--- WHAT YOU WILL DO ---
Would you copy the listing below exactly, keeping the pictures out?

--- DATASET SECTION ---
········
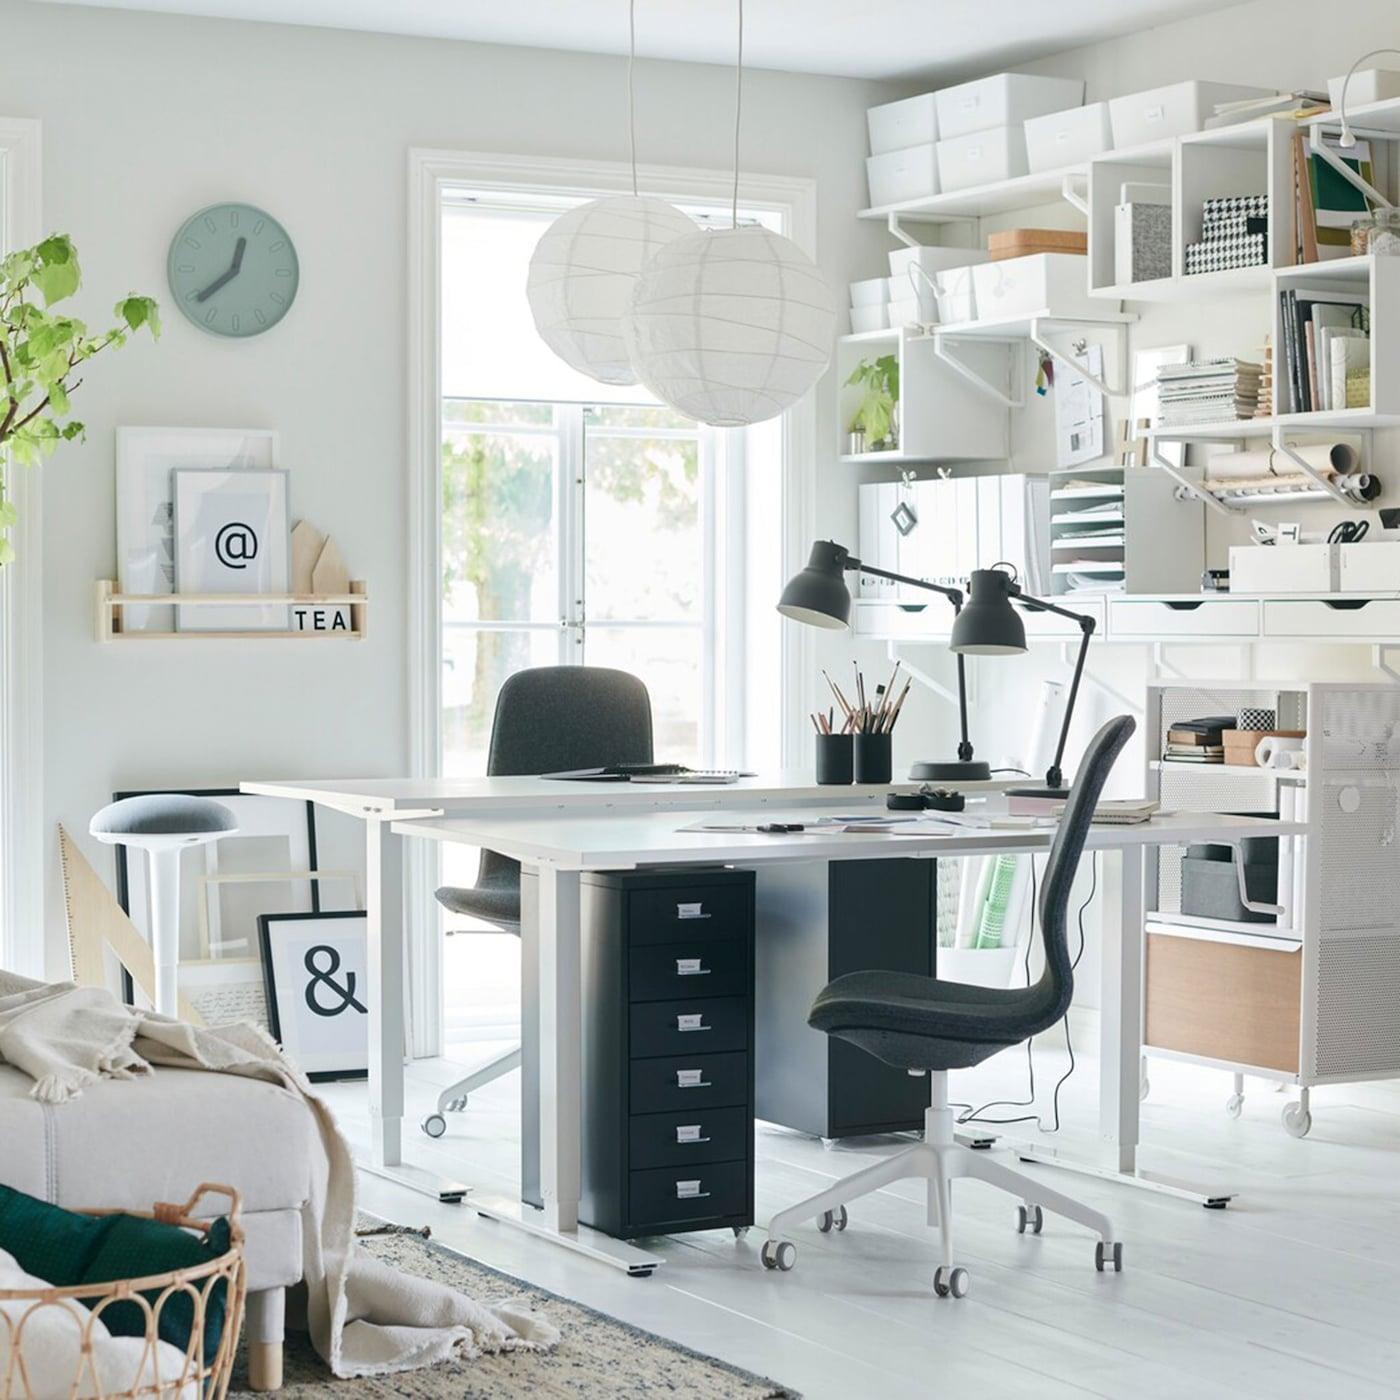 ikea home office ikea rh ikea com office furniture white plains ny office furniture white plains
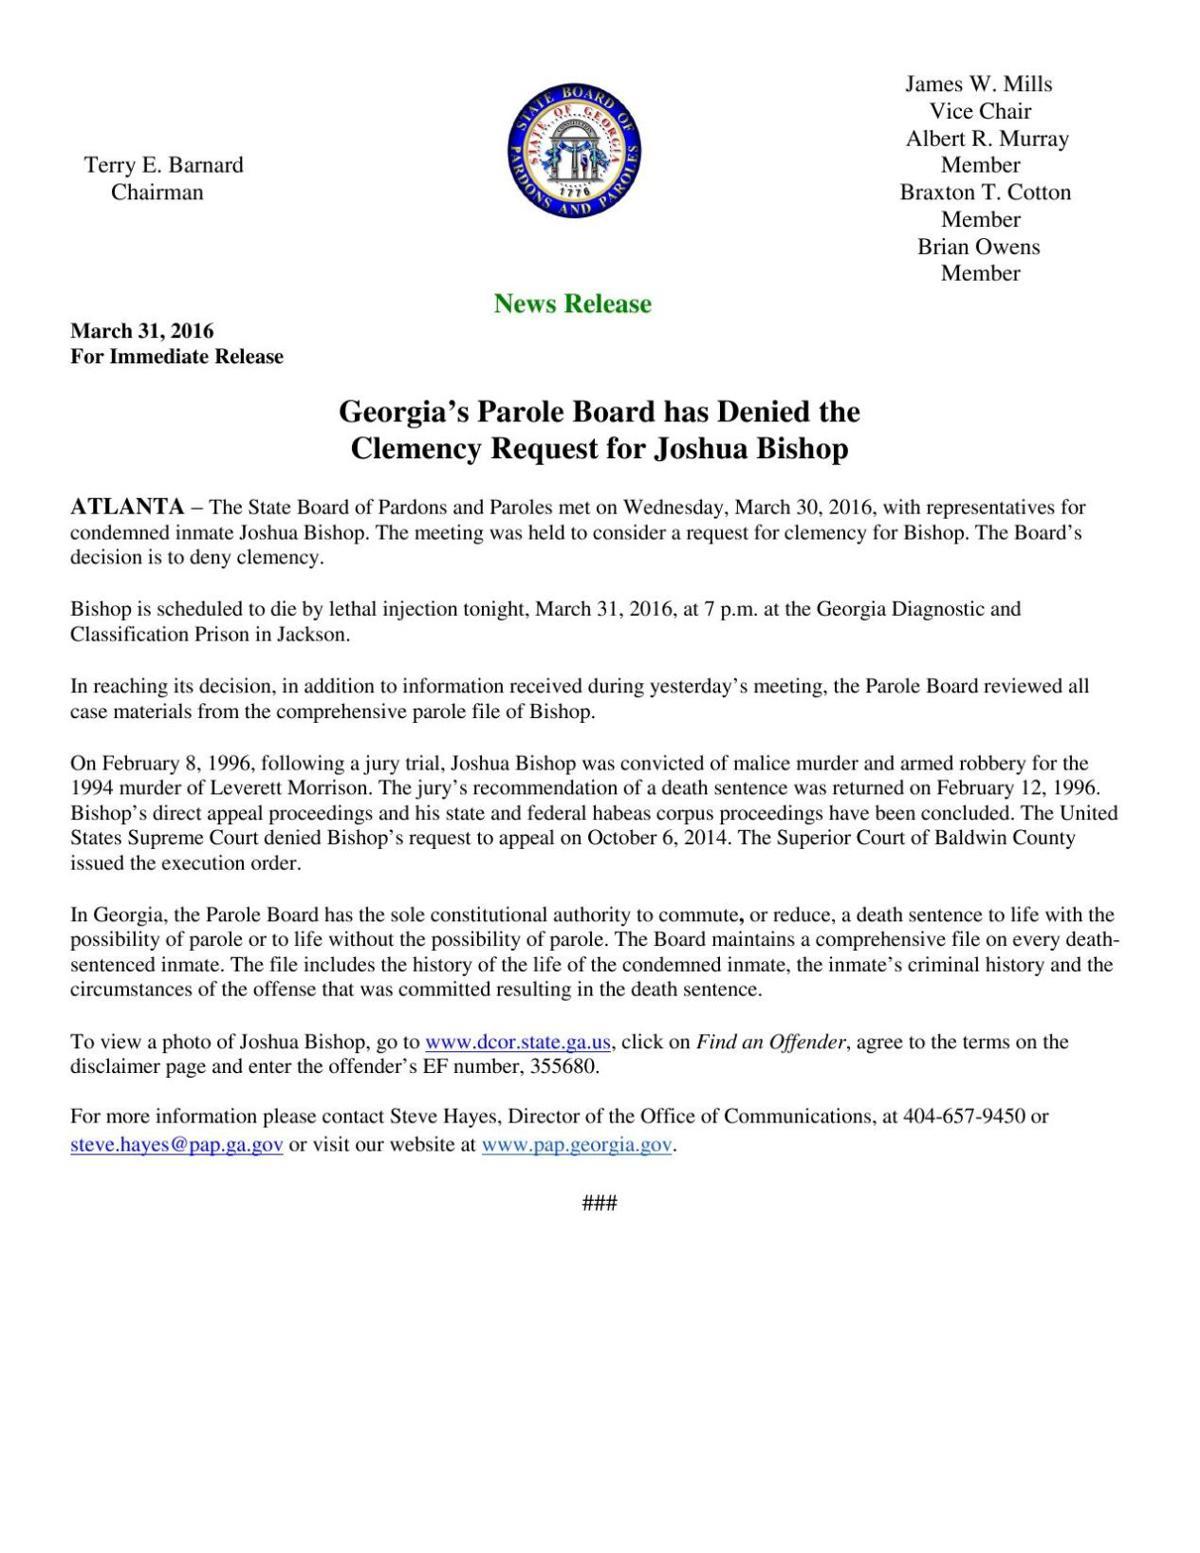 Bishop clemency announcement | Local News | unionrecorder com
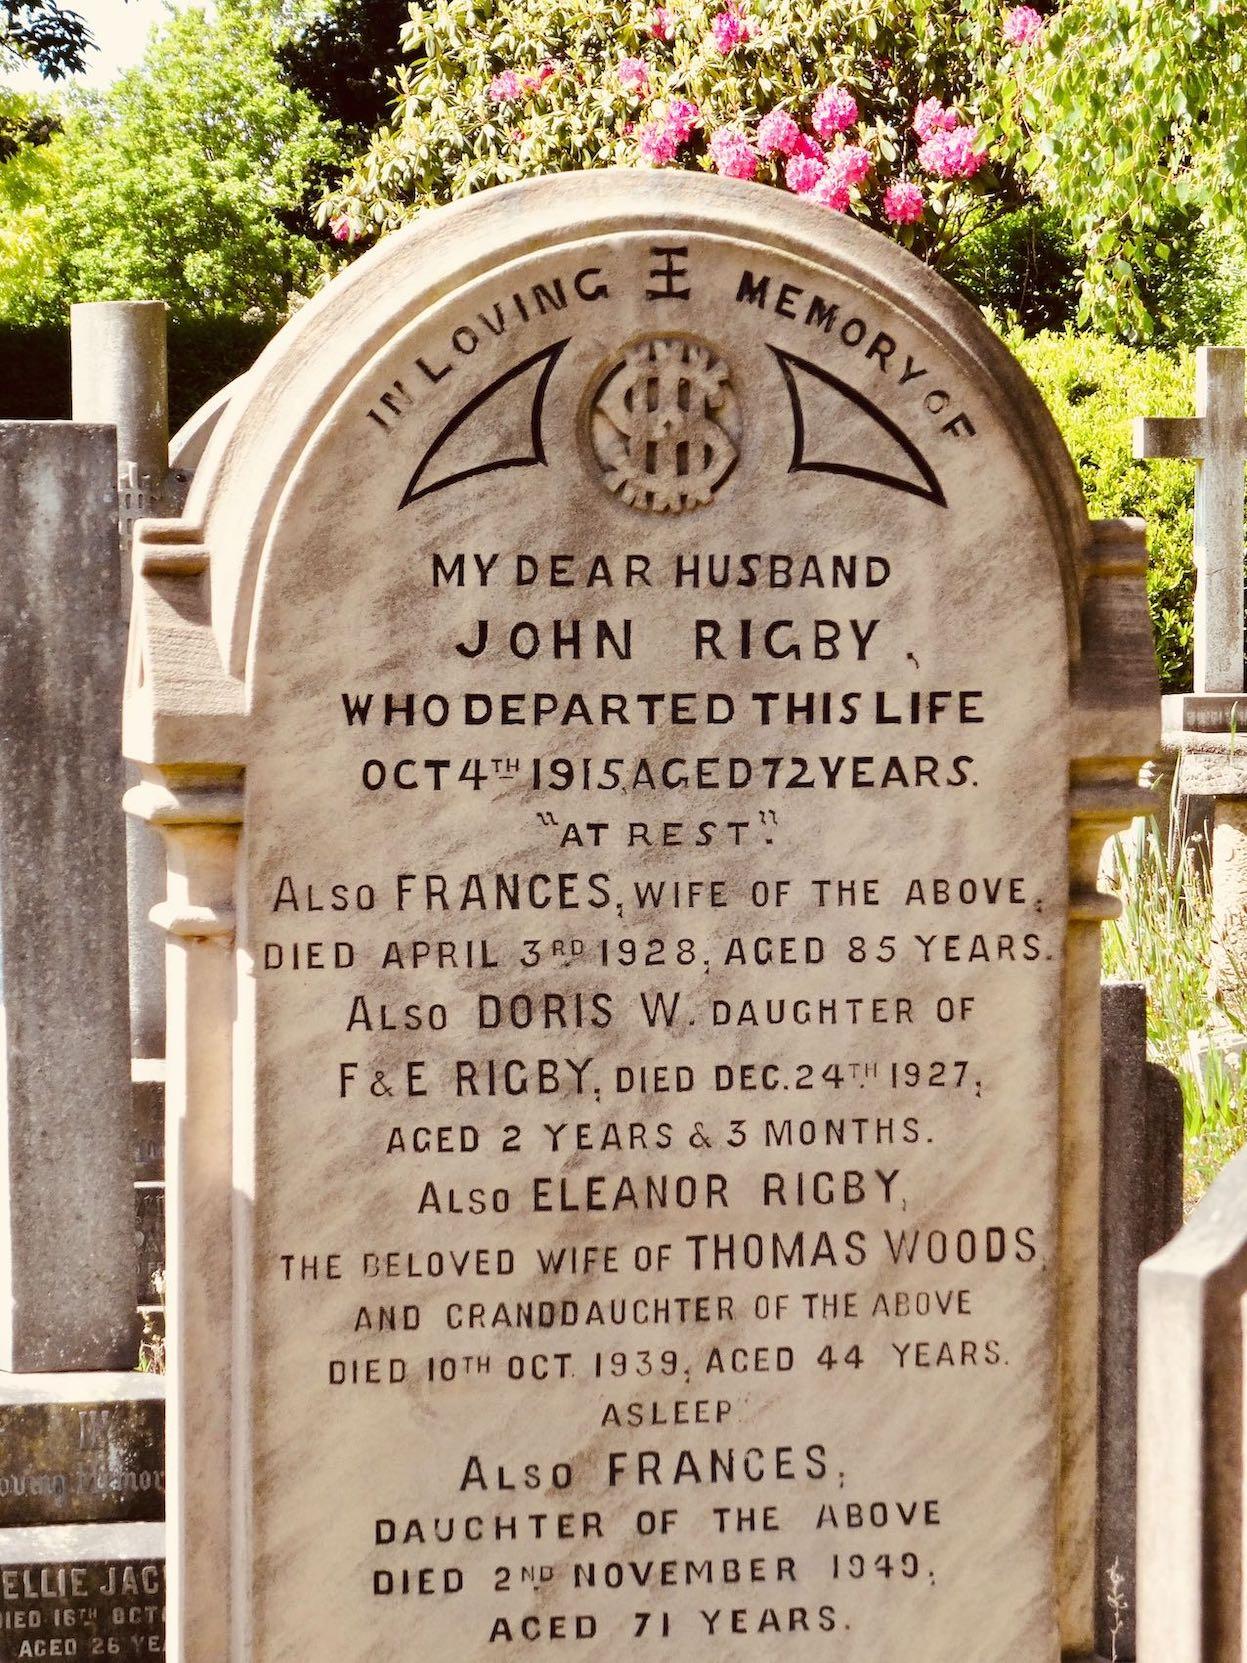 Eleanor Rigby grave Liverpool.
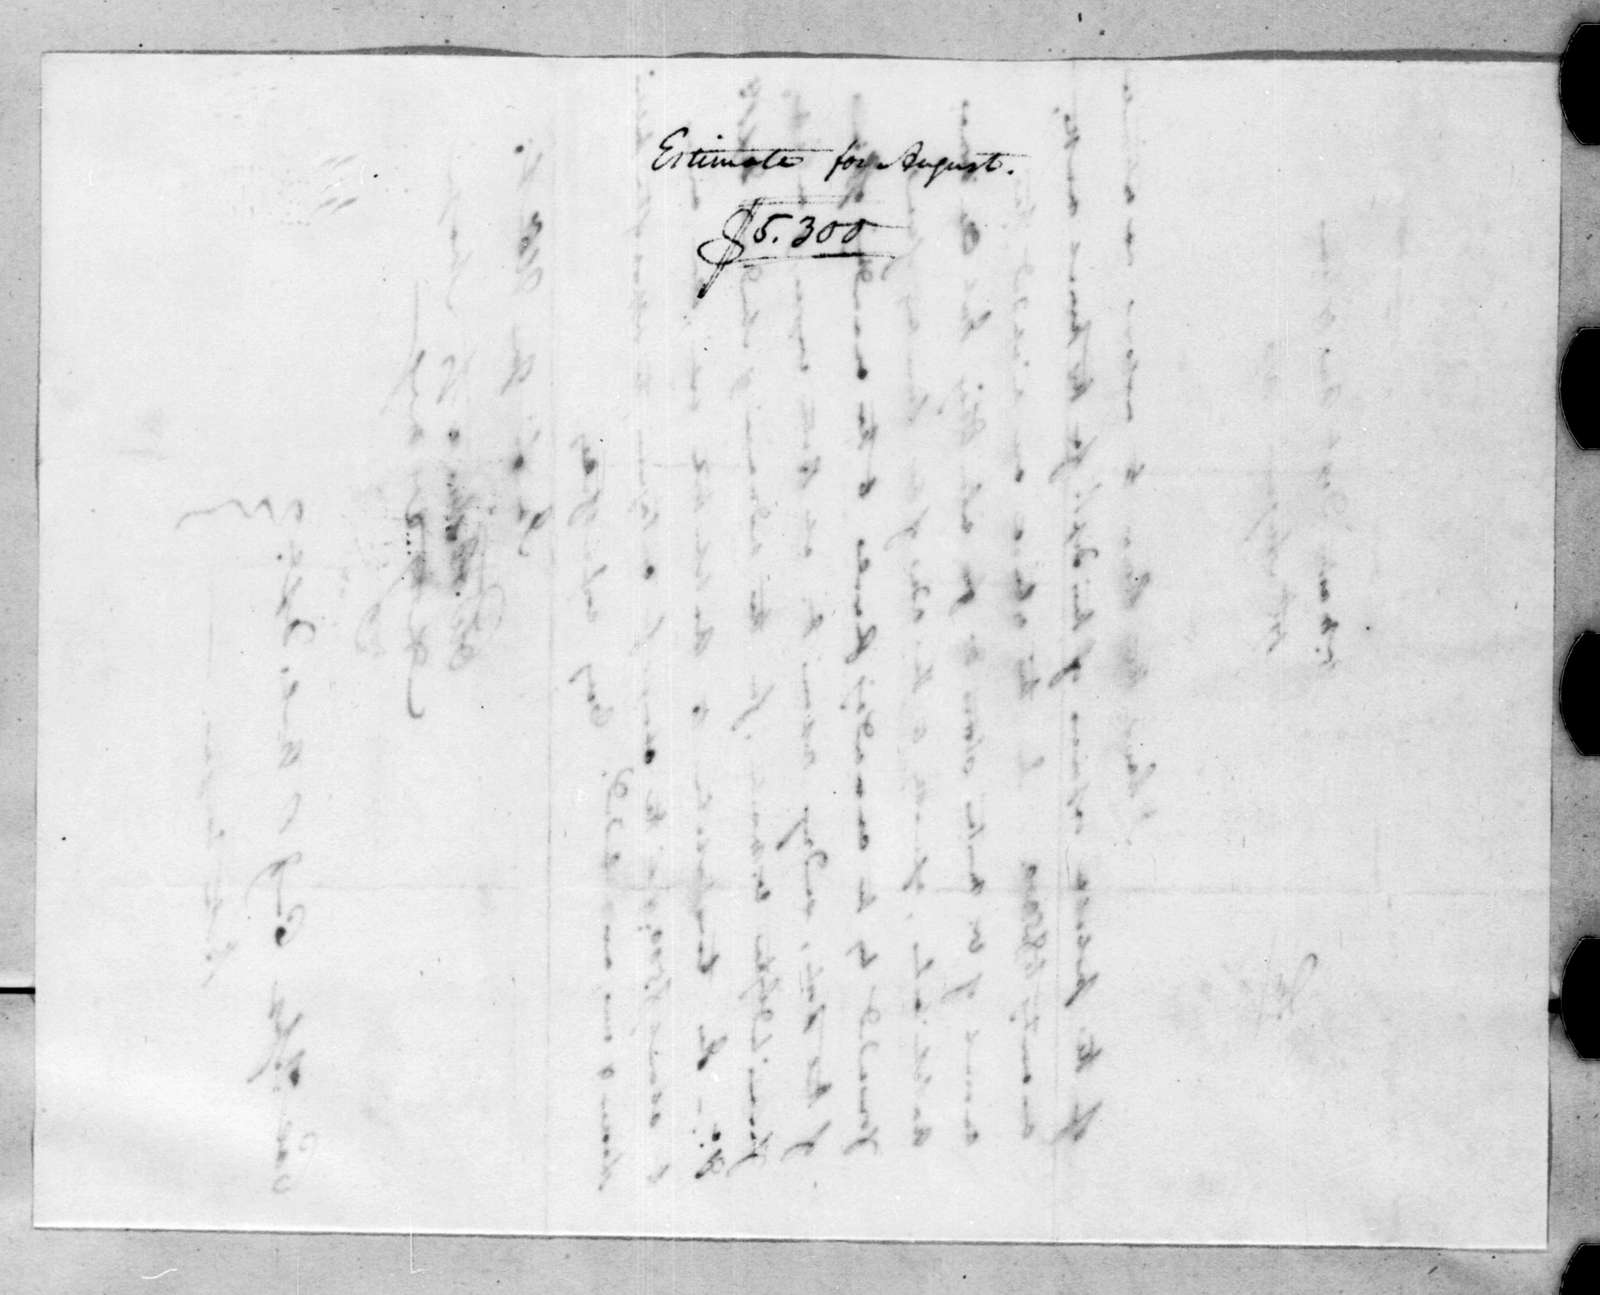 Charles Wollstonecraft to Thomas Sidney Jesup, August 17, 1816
········
--- TASK RESULT ---
 ikea home office ikea rh ikea com office furniture white plains ny office furniture white plains
 Bishop clemency announcement | Local News | unionrecorder com
 Eleanor Rigby grave Liverpool.
 Charles Wollstonecraft to Thomas Sidney Jesup, August 17, 1816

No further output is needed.